Objectives
This page describes macros and functions related to linear and quadratic objective functions only, unless otherwise indicated. For nonlinear objective functions, see Nonlinear Modeling.
Set a linear objective
Use the @objective macro to set a linear objective function.
Use Min to create a minimization objective:
julia> model = Model();
julia> @variable(model, x);
julia> @objective(model, Min, 2x + 1)
2 x + 1Use Max to create a maximization objective:
julia> model = Model();
julia> @variable(model, x);
julia> @objective(model, Max, 2x + 1)
2 x + 1Set a quadratic objective
Use the @objective macro to set a quadratic objective function.
Use ^2 to have a variable squared:
julia> model = Model();
julia> @variable(model, x);
julia> @objective(model, Min, x^2 + 2x + 1)
x² + 2 x + 1You can also have bilinear terms between variables:
julia> model = Model();
julia> @variable(model, x)
x
julia> @variable(model, y)
y
julia> @objective(model, Max, x * y + x + y)

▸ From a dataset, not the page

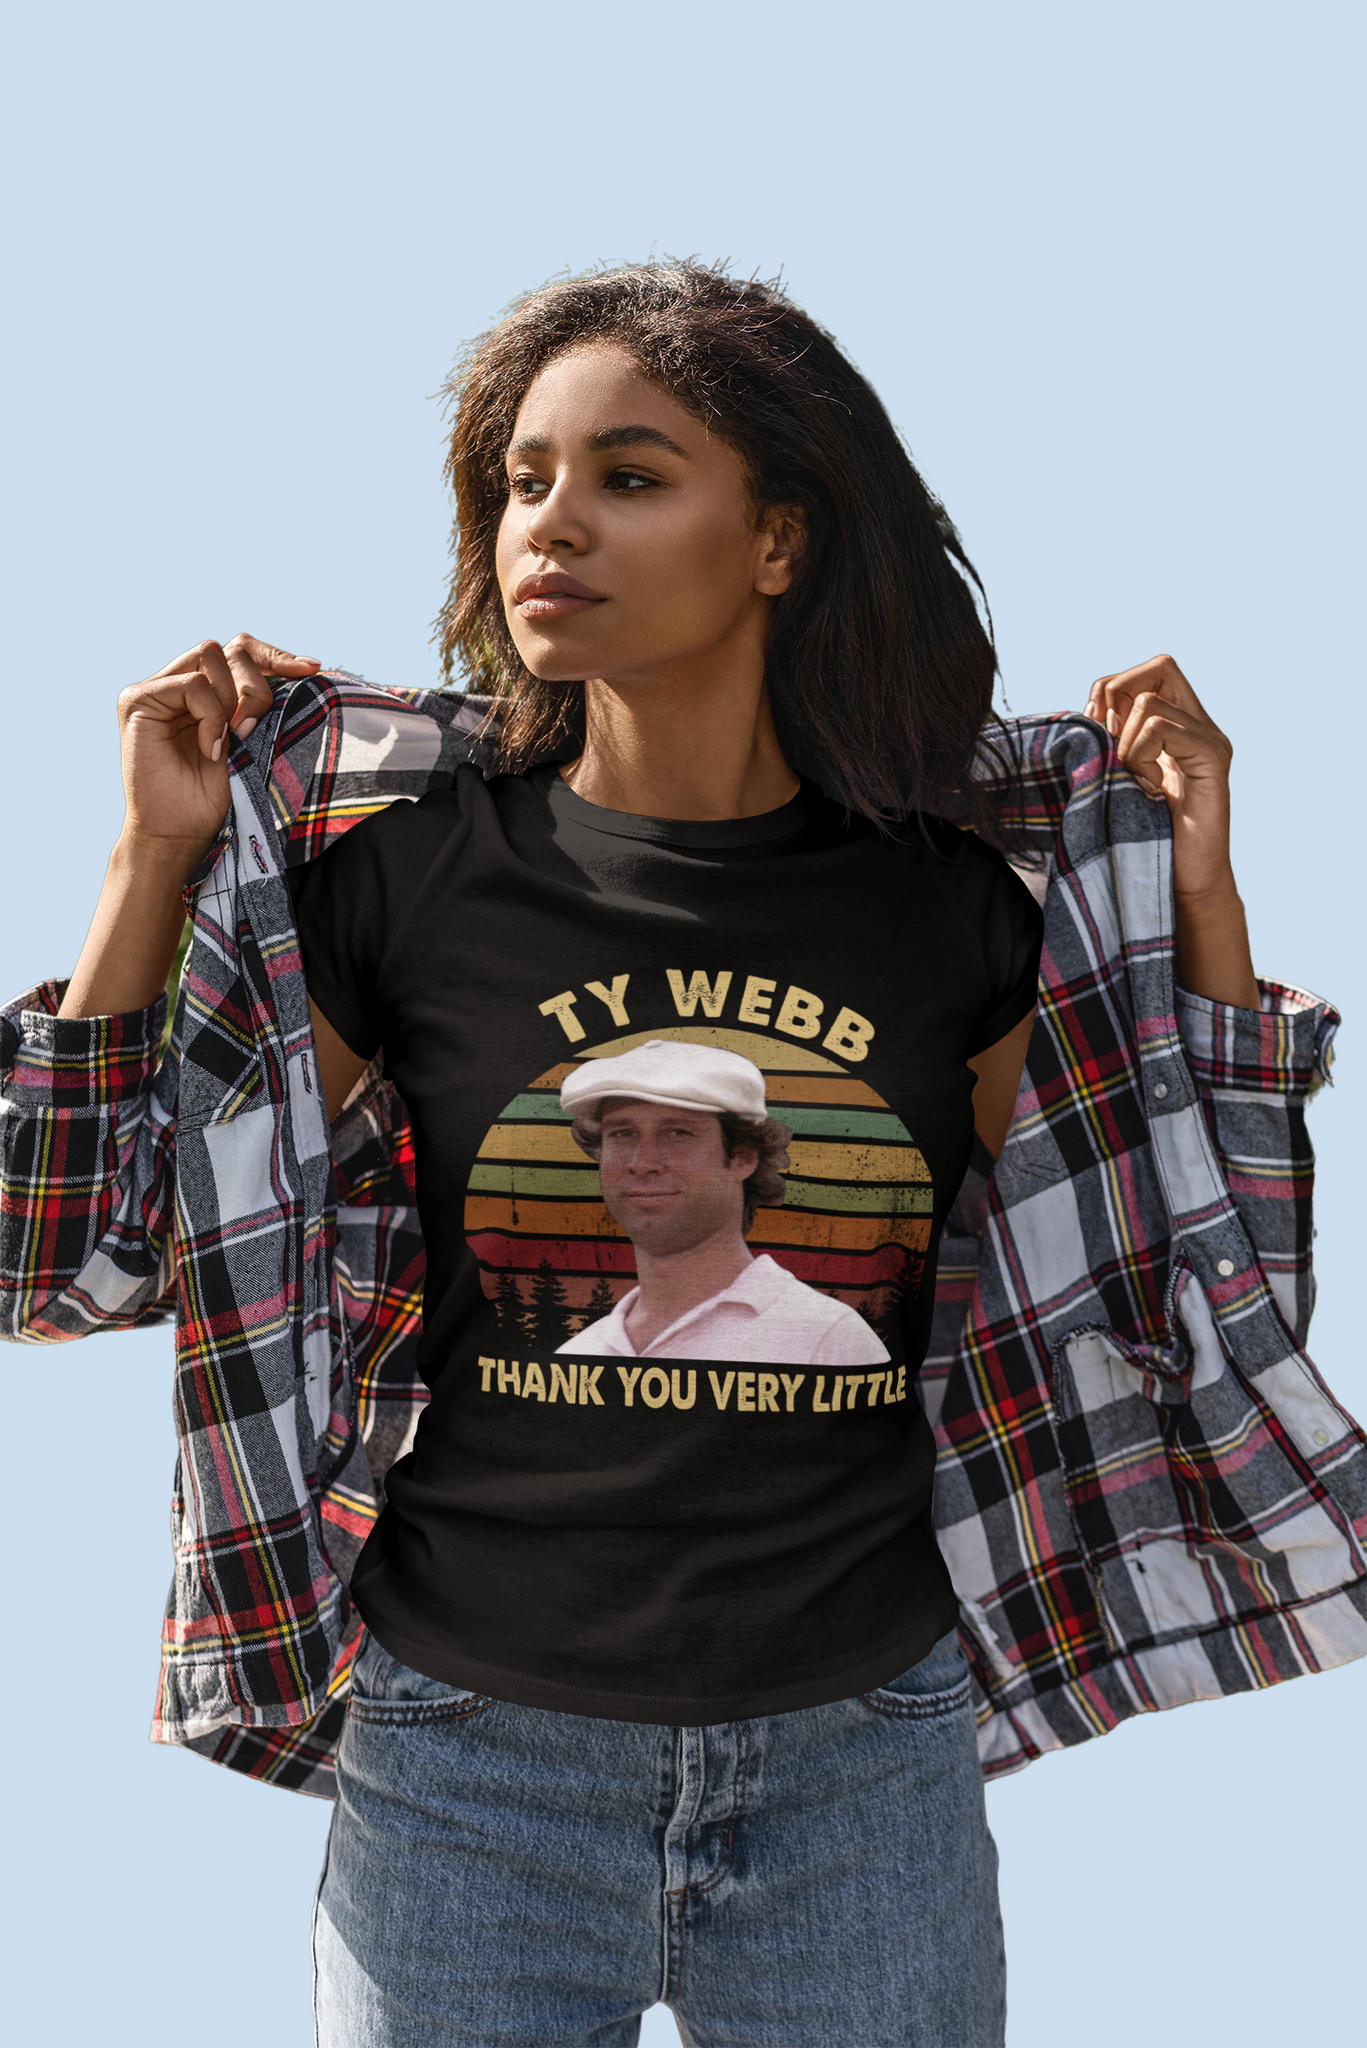 Caddyshack Vintage T Shirt, Ty Webb T Shirt, Ty Webb Thank You Very Little Tshirt

x*y + x + ySet a nonlinear objective
Use the @objective macro to set a nonlinear objective function:
julia> model = Model();
julia> @variable(model, x <= 1);
julia> @objective(model, Max, log(x))
log(x)Query the objective function
Use objective_function to return the current objective function.
julia> model = Model();
julia> @variable(model, x);
julia> @objective(model, Min, 2x + 1)
2 x + 1
julia> objective_function(model)
2 x + 1Evaluate the objective function at a point
Use value to evaluate an objective function at a point specifying values for variables.
julia> model = Model();
julia> @variable(model, x[1:2]);
julia> @objective(model, Min, 2x[1]^2 + x[1] + 0.5*x[2])
2 x[1]² + x[1] + 0.5 x[2]
julia> f = objective_function(model)
2 x[1]² + x[1] + 0.5 x[2]
julia> point = Dict(x[1] => 2.0, x[2] => 1.0);
julia> value(z -> point[z], f)
10.5Query the objective sense
Use objective_sense to return the current objective sense.
julia> model = Model();
julia> @variable(model, x);
julia> @objective(model, Min, 2x + 1)
2 x + 1
julia> objective_sense(model)
MIN_SENSE::OptimizationSense = 0Modify an objective
To modify an objective, call @objective with the new objective function.
julia> model = Model();
julia> @variable(model, x);
julia> @objective(model, Min, 2x)
2 x
julia> @objective(model, Max, -2x)
-2 xAlternatively, use set_objective_function.
julia> model = Model();
julia> @variable(model, x);
julia> @objective(model, Min, 2x)
2 x
julia> new_objective = @expression(model, -2 * x)
-2 x
julia> set_objective_function(model, new_objective)Modify an objective coefficient
Use set_objective_coefficient to modify an objective coefficient.
julia> model = Model();
julia> @variable(model, x);
julia> @objective(model, Min, 2x)
2 x
julia> set_objective_coefficient(model, x, 3)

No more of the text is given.